Tomorrow is also my hubby's 43rd birthday. He is just coming into the prime of his life but he hates birthdays. I'll probably pick up a pumpkin pie or cheesecake tomorrow after class and surprise him when he gets home from class himself. The candy corn hat is also a present for him. He saw the pattern and hinted he'd like to have one.



Tomorrow is also the day my parents finally go to court and officially get divorced. The splitting of assets took forever. They also stayed married until they both could get onto social security and then the medicare issue. So basically their divorce has been in the works for almost 3 and a half years. This has been a really rotten time for family get togethers. I almost completely dread family gatherings anymore and now I can finally say my parents are divorced. I wonder if this means that my dad's girlfriend will be coming to the parties now? She had nothing to do with the divorce and it is a long story that is finally coming to an end, but it is going to be odd to have my mom, dad, and his girlfriend all at the same place.

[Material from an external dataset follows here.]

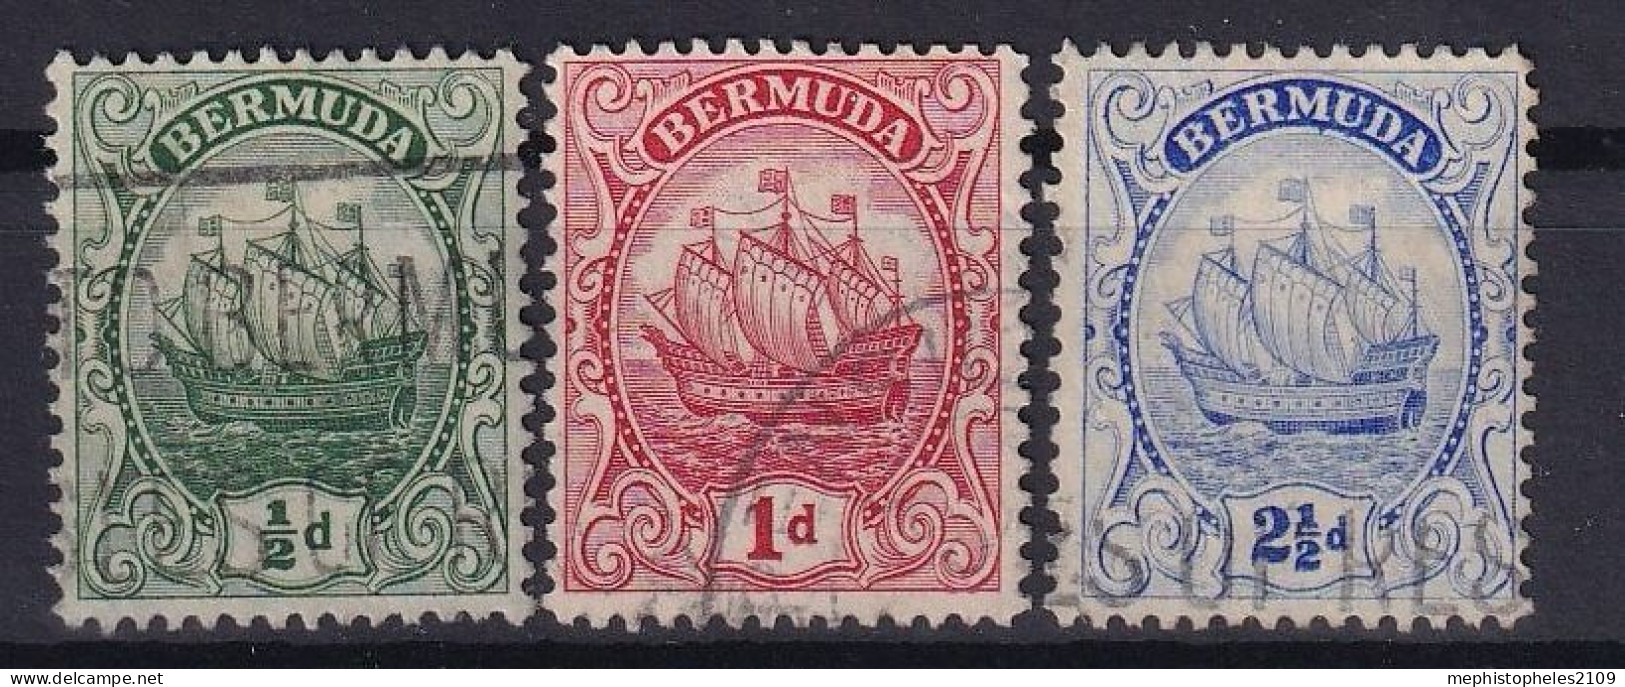 BERMUDA 1922 - Canceled - Sc# 82, 83, 87 - Bermuda

The last part of my title has to do with my youngest son. He's way out of control and has lack of respect for either his father or I. He left last night after he was an hour late for his time to be home and then came home an hour after the town's curfew. We see his therapist this week, but we are certainly looking towards alternative schooling. I'm ready to beat him with a frying pan and give up my parental rights to him, but I can't give up on him. It's unfortunate that a really smart kid is completely failing 5 classes in school and doesn't care about it. I think I'm just going to stick by the homework requirements we've set and if he chooses to fail then he'll have to suffer the consequences. I'm getting really tired of always being the "bad mom" for caring and being his advocate when he doesn't care about his own success.

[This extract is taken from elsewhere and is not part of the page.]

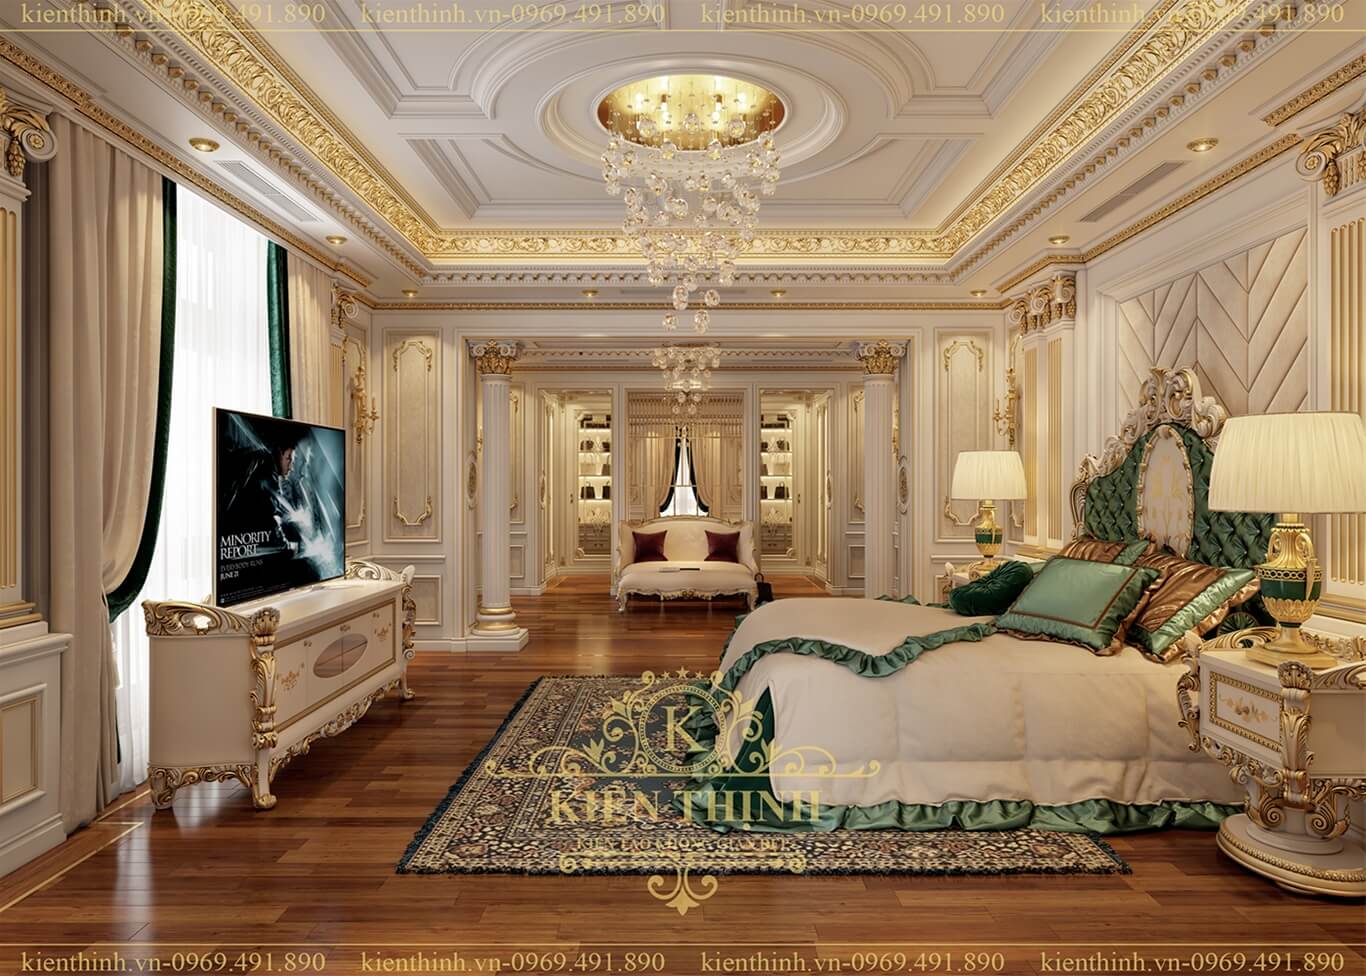 Mẫu thiết kế nội thất phòng ngủ Master lâu đài, biệt thự phong cách kiến trúc tân cổ điển châu Âu 4 tầng mang âm hưởng quý tộc đẳng cấp BT1983

Well enough of my downer blog post, but just getting some of it off my chest is my own form of therapy. I hope you all enjoy your Columbus Day and have a super week. I'll be busy and doubt I'll be back again this week.

Hey, thanks for stopping by.

Sunday, October 05, 2008

Another week has passed

already! During the week the week seems to go by so slowly. On the weekend, it seems to just fly by. Why couldn't they make weekends 4 days long and the work week 3 days long? I think my way would be much more fun and relaxing.

I've got about 3 different projects I need to get finished before the end of the month. I still have apples to deal with.

The major problem with Brian has only seemed to escalate. CALGON take me away!

I've got papers to grade. I also have tests and assignments to post for the college students. I just got the call Friday night that I was asked to teach another class next semester. Just a week and a half ago, I was told 5 of us were not going to teach due to class needs. Well I guess things changed and they need another class.

The weather here has been cool. There have been problems with our cable, thankfully not the internet. I've turned on the heat. Some mornings it's been in the 40's.

Ok, laundry almost done, no idea what's for dinner. Yikes again, the weekend's way to short!